Eight years ago I first had the idea for a real-time video streaming system that would enable me to take a live stream from within my VJ software of choice at the time – Visual Jockey – and send it, either locally to another application running on the same computer, or across a network to another application running on a different computer altogether.

The original idea was to externalise not just video, but audio, MIDI, and any other streams of data.  I came up with a piece of software called PatchBox, the idea of which being that it would operate like a patch bay, allowing data to be routed from multiple sources to multiple destinations with some allowance for processing along the way.

Patch Bay

My vision was to leverage the processing abilities of all software on all platforms for the purposes of real-time creativity and art.  Why have such limitations and incompatibilities?
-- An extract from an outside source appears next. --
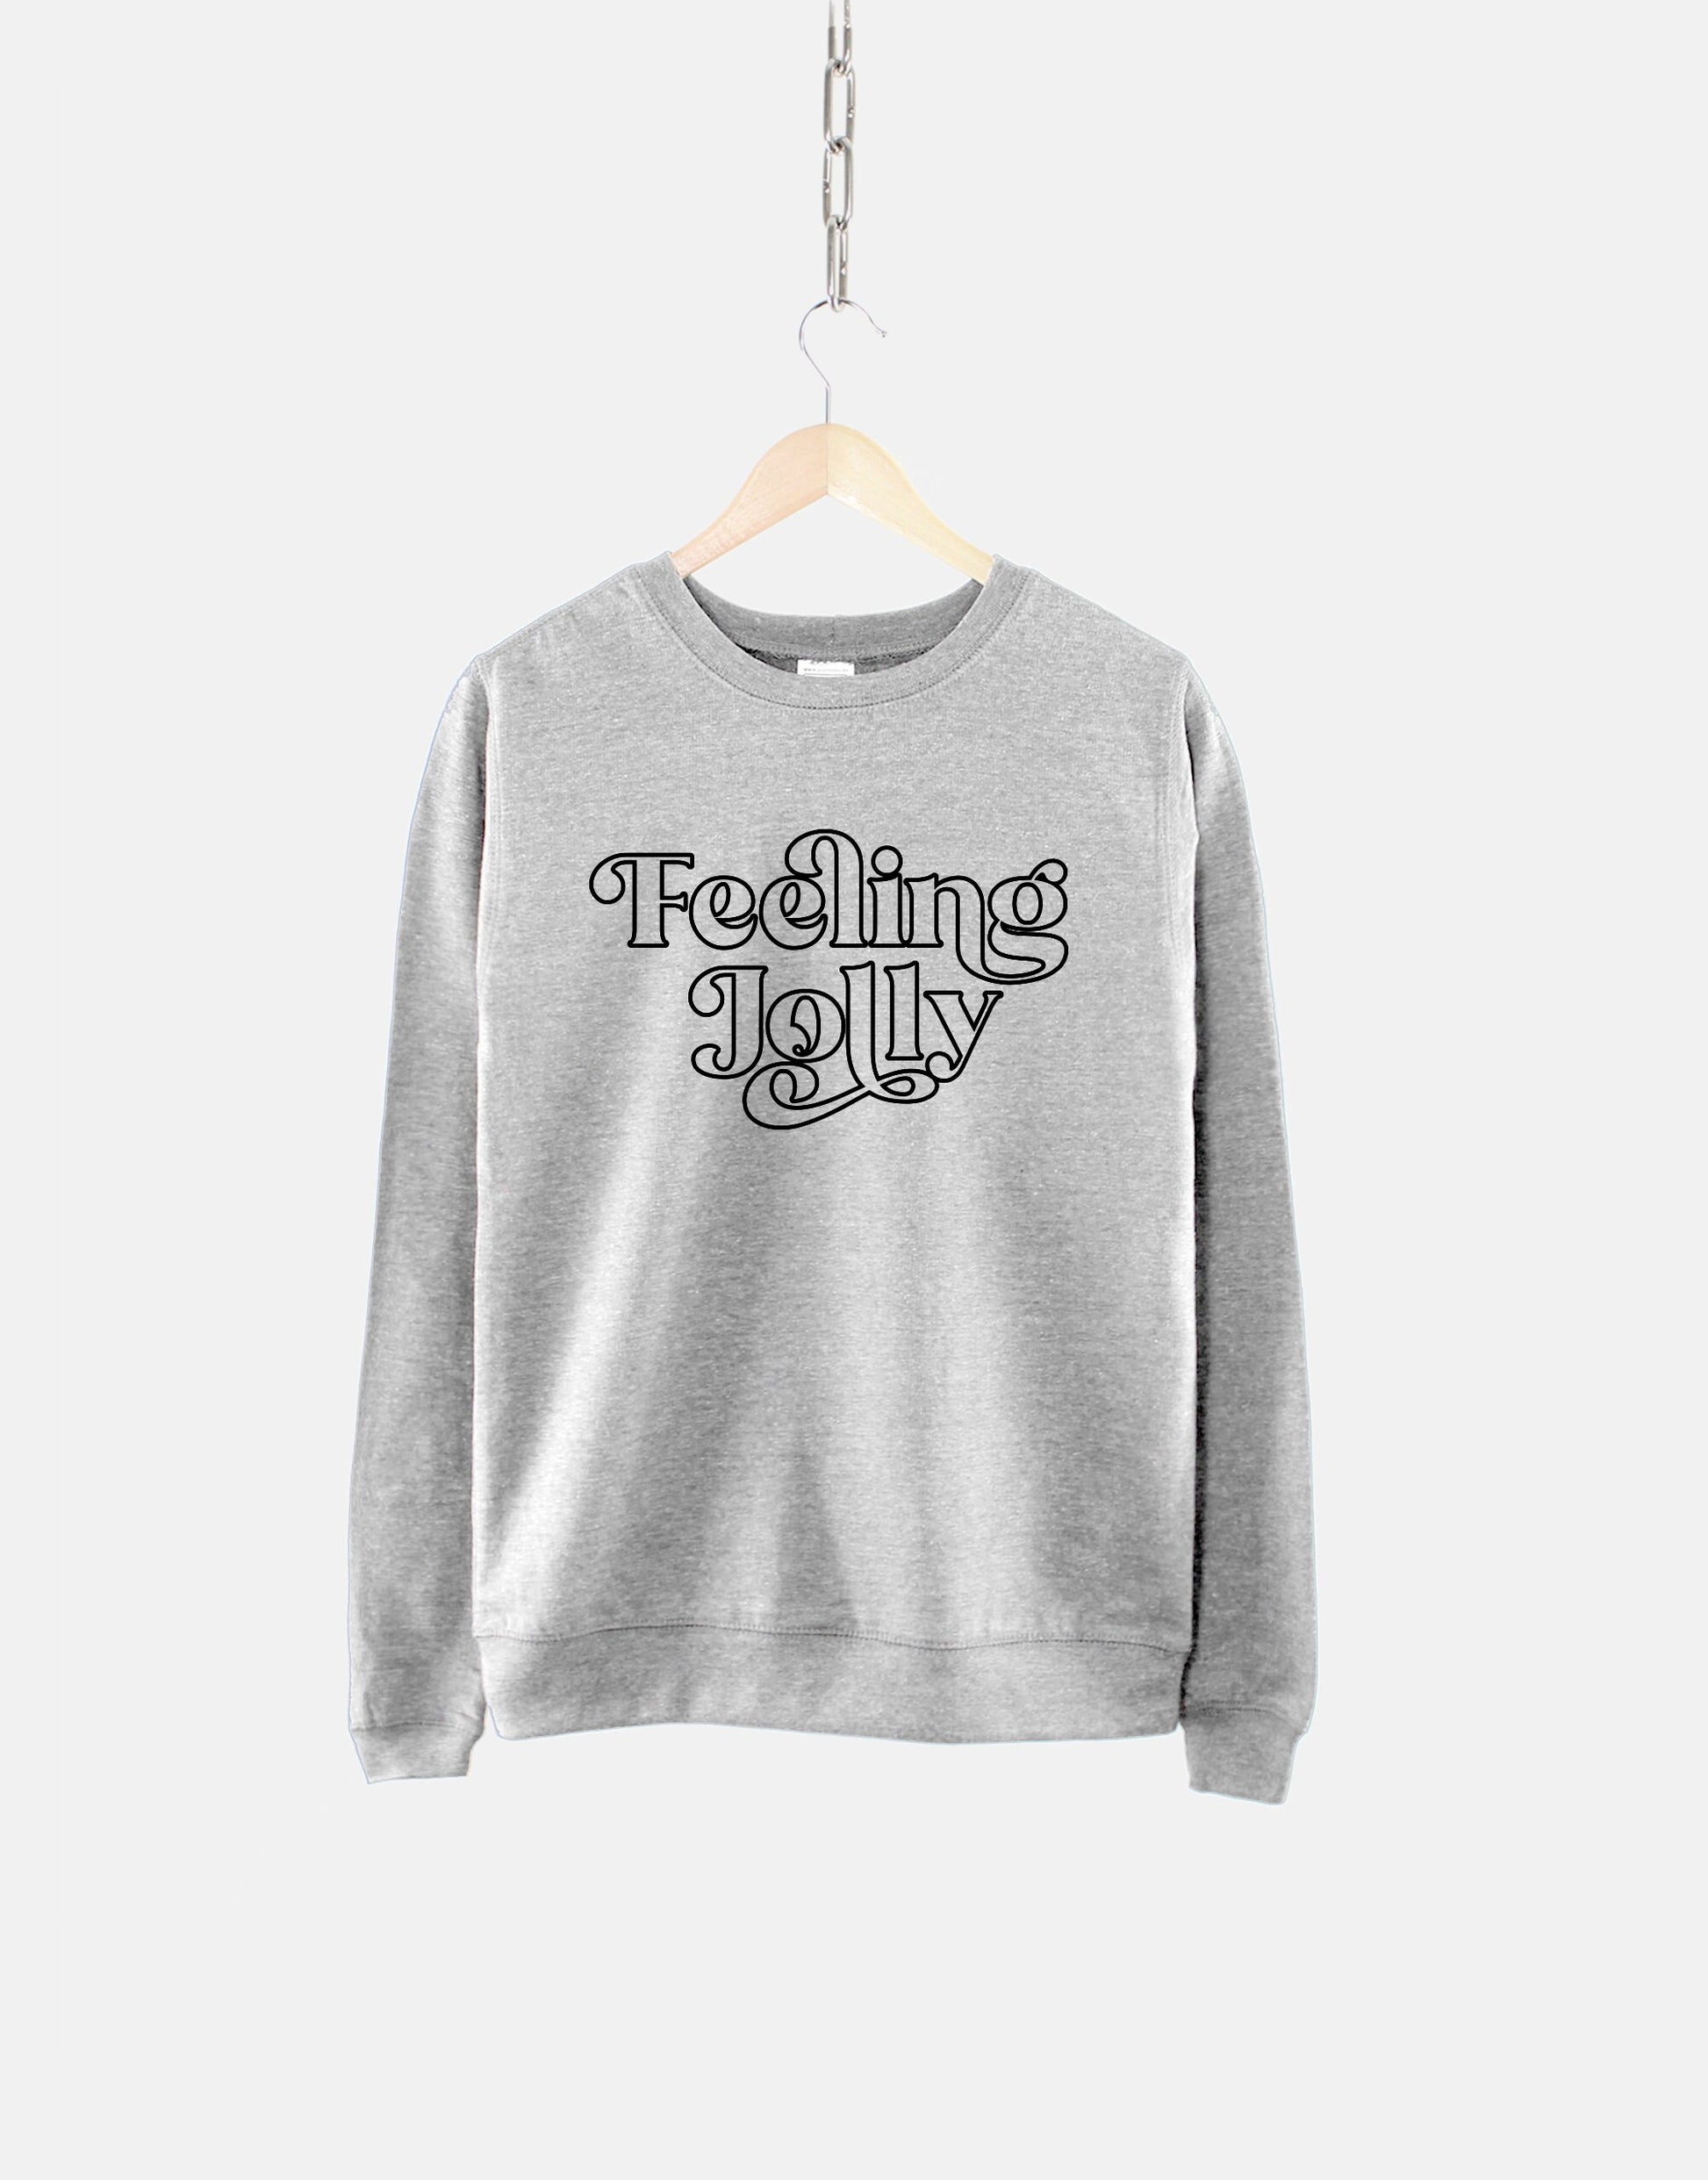 Feeling - Shop - Jolly – Qurious Retro Christmas Christmas Sweatshirt Chri Sweatshirt
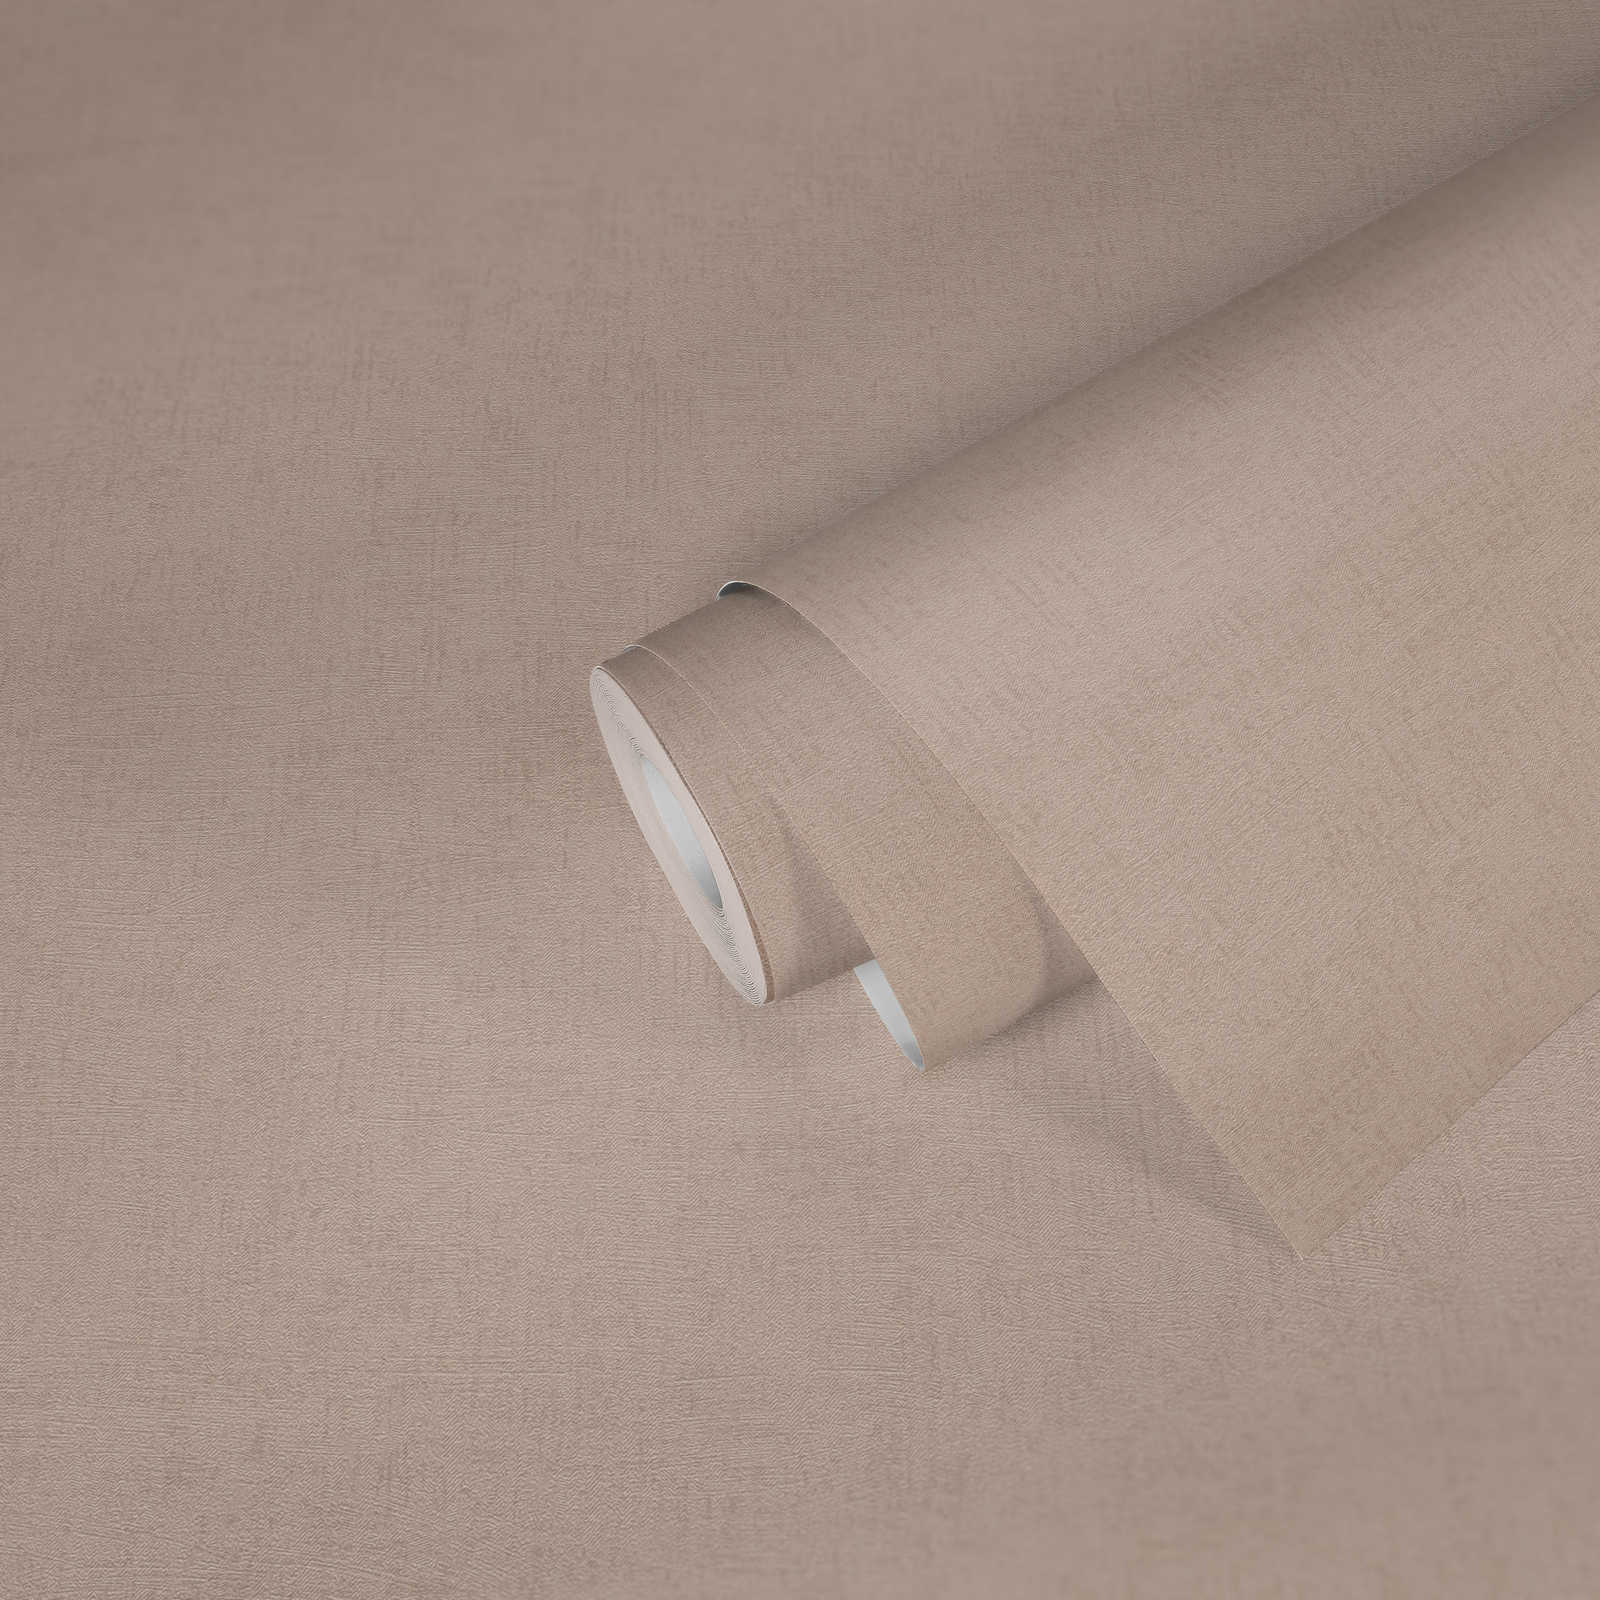             Papier peint uni avec gaufrage structuré & effet brillant - beige, crème, métallique

Of course, from testing the initial release, I soon found that streaming live video in real-time was fraught with complications; requiring a fair amount of processing and a complicated arrangement of management of images – especially across a network – to maintain a consistent, high quality stream that would be usable.

Despite initial interest, it seemed too complicated a task to maintain, although I’ve tried several times since then.

The latest release of my real-time video streaming system is the fourth incarnation (that I can remember) and is finally able to be considered as usable.  It is also the first version that has fulfilled my original goal of running on both Windows and OSX.

This new initial release currently focuses on implementing sending and receiving plugins for the FreeFrame specification used now, as it was back then, as a standard for VJ software.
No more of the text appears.